Restate the listing below word for word; no picture is to be carried over.

[PROVIDED DATA Boundary: Start]

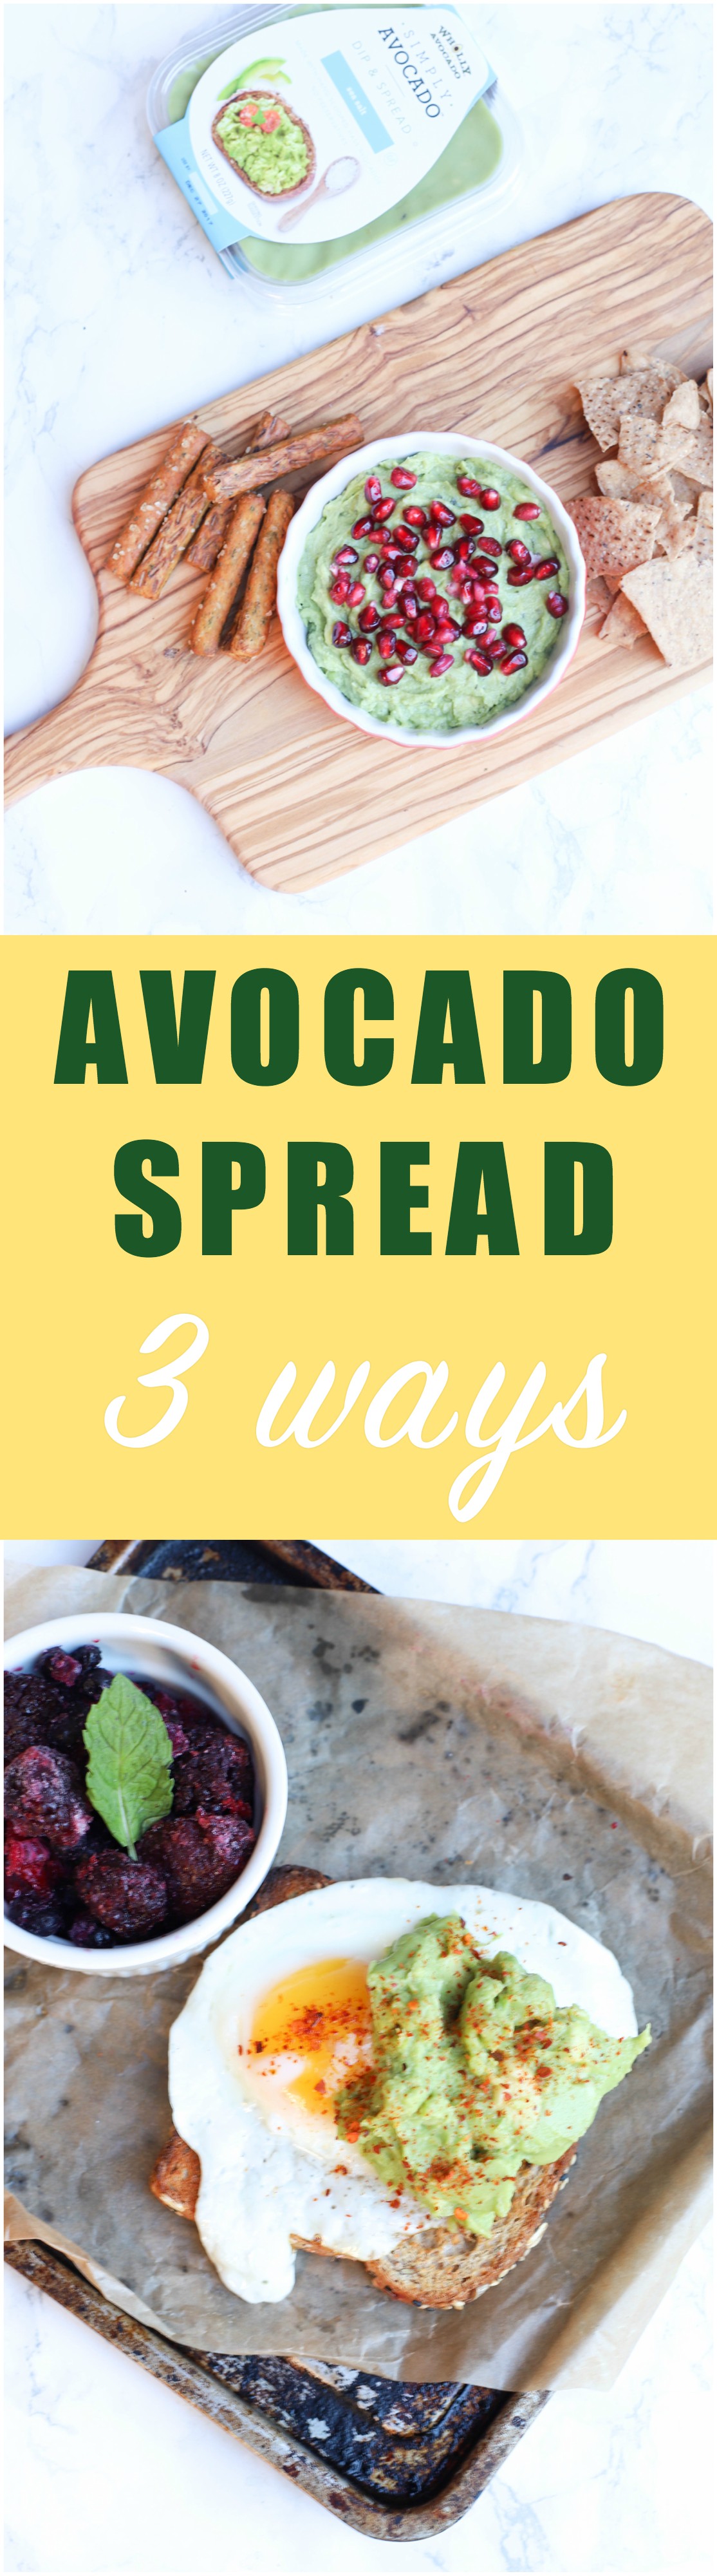 Enjoy Avocado Spread 3 Ways for parties, snacks, and utilizing leftover.
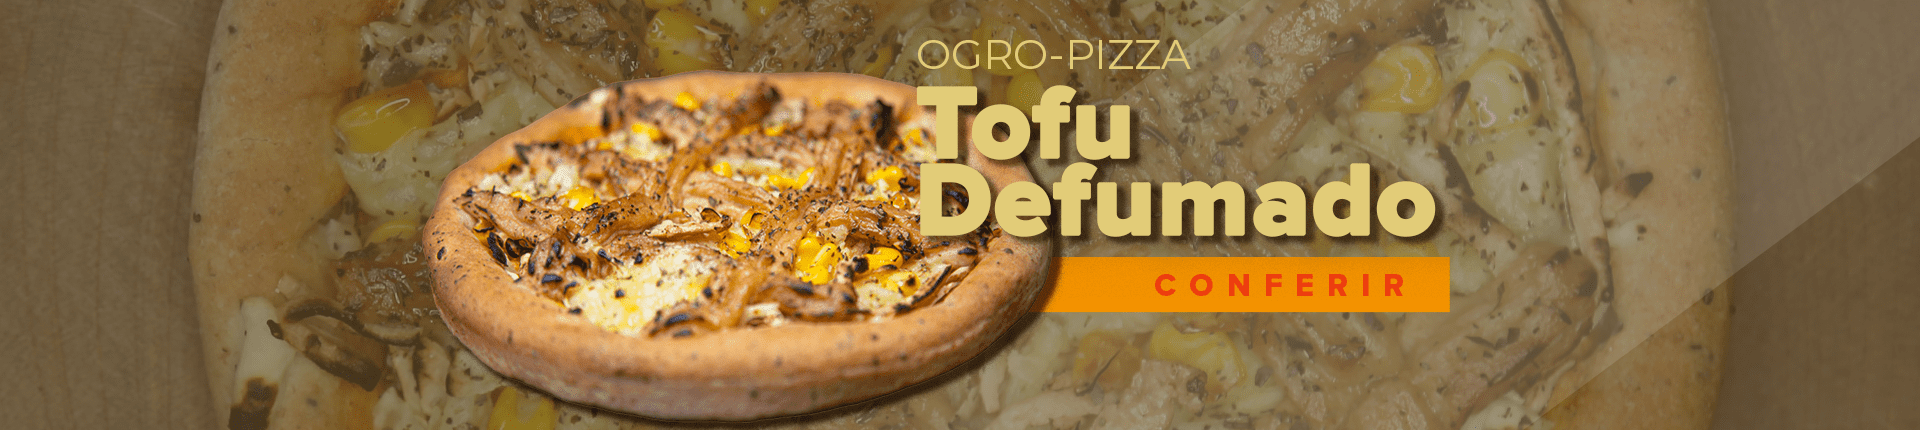 Ogro-Pizza Tofu Defumado
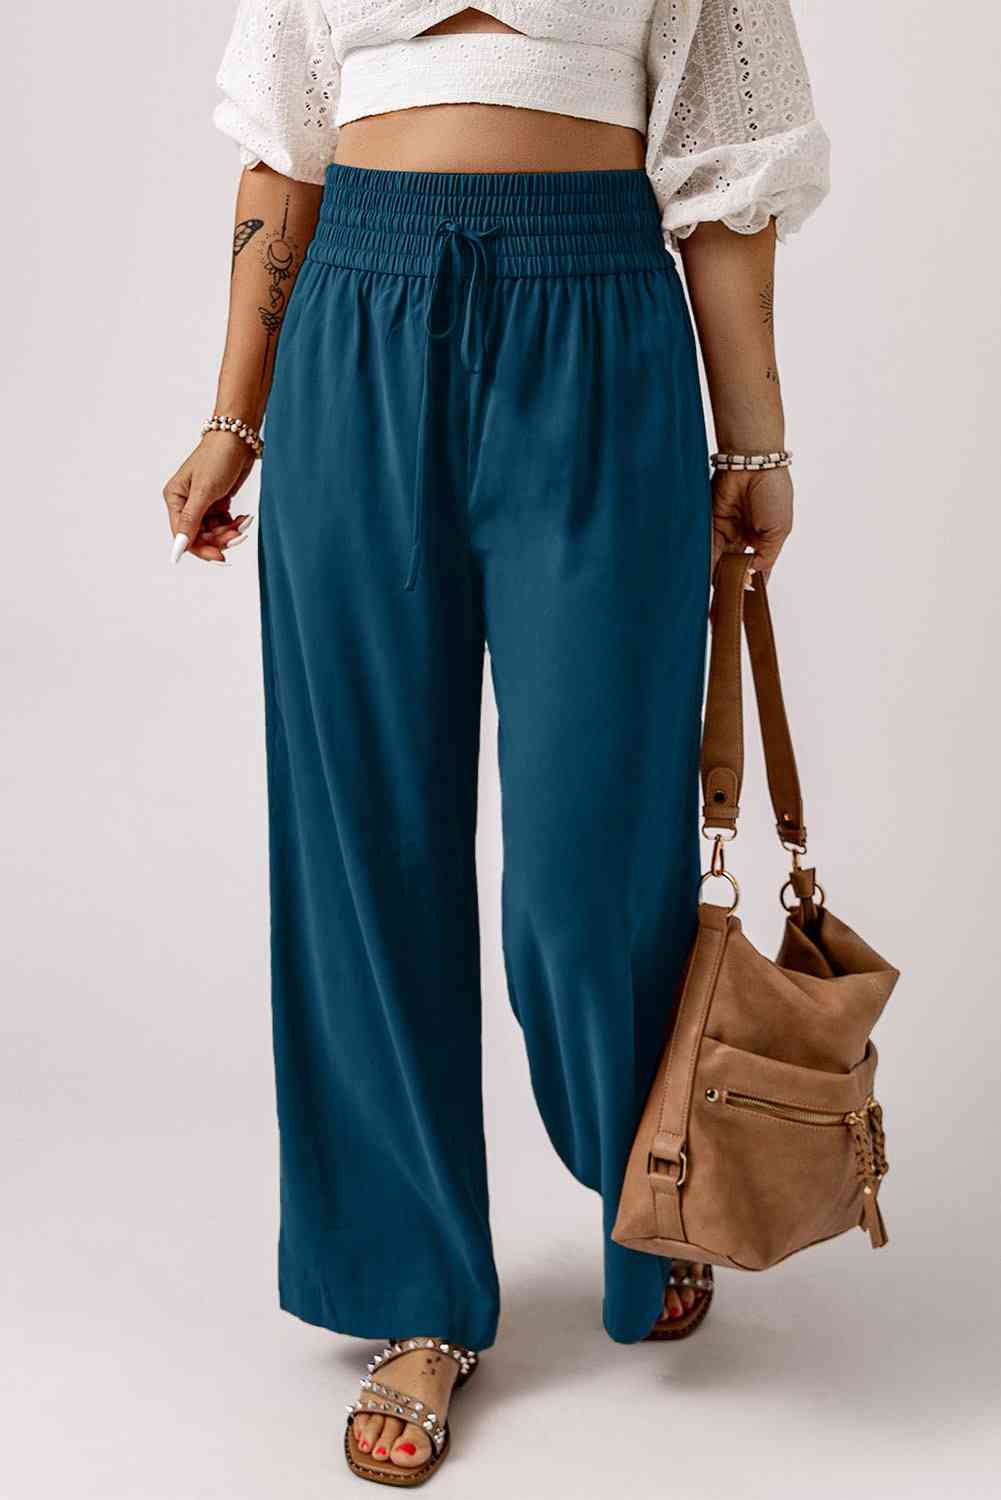 Drawstring Smocked Waist Wide Leg Pants (3 Colors) pants Krazy Heart Designs Boutique   
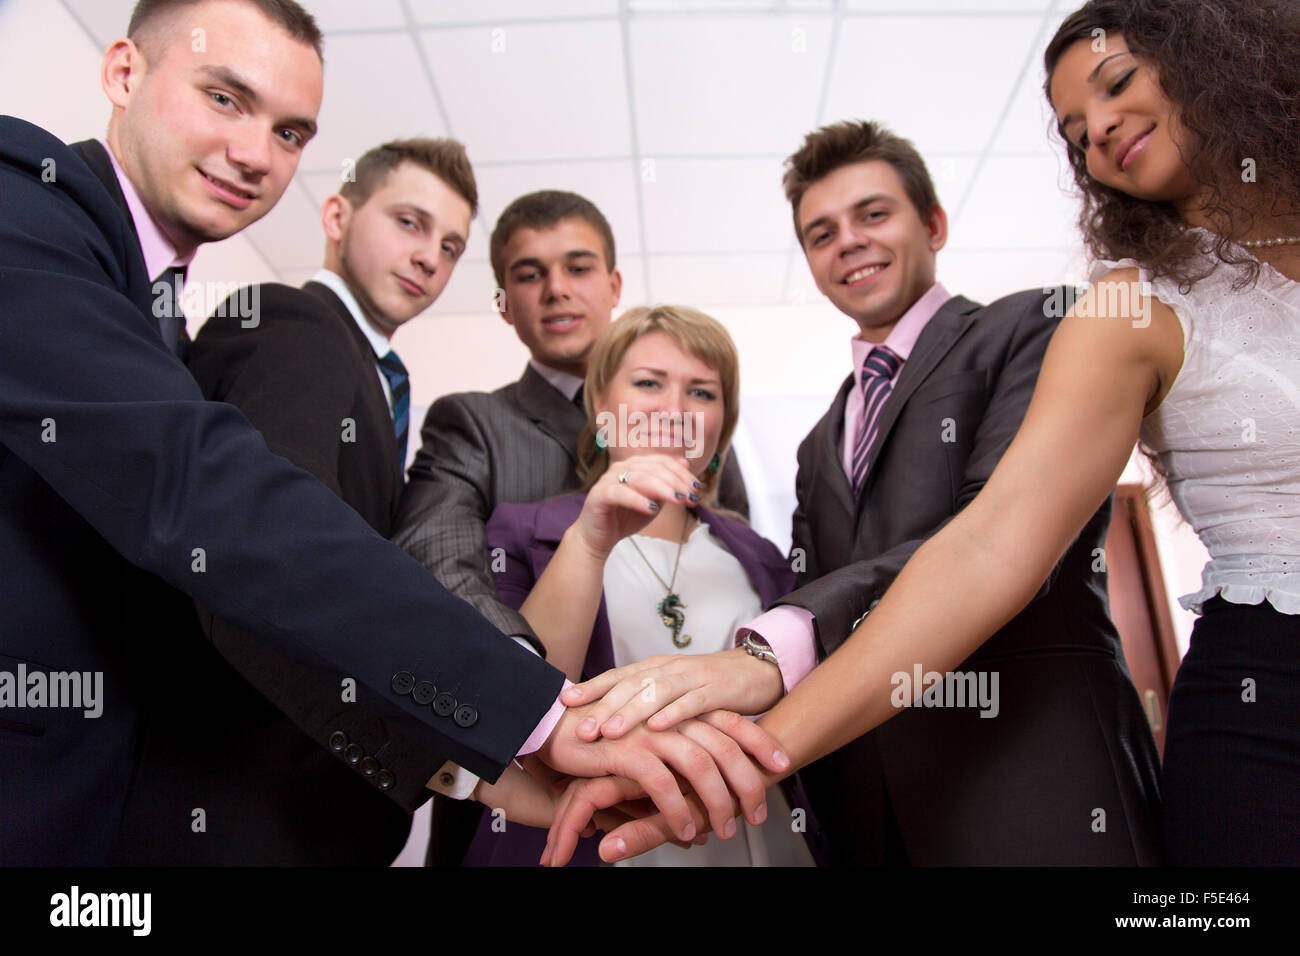 Friendly harmonious business team Stock Photo

[PROVIDED DATA Boundary: End]

• [TASK RESPONSE]
 Enjoy Avocado Spread 3 Ways for parties, snacks, and utilizing leftover.
 Ogro-Pizza Tofu Defumado
 Drawstring Smocked Waist Wide Leg Pants (3 Colors) pants Krazy Heart Designs Boutique   
 Friendly harmonious business team Stock Photo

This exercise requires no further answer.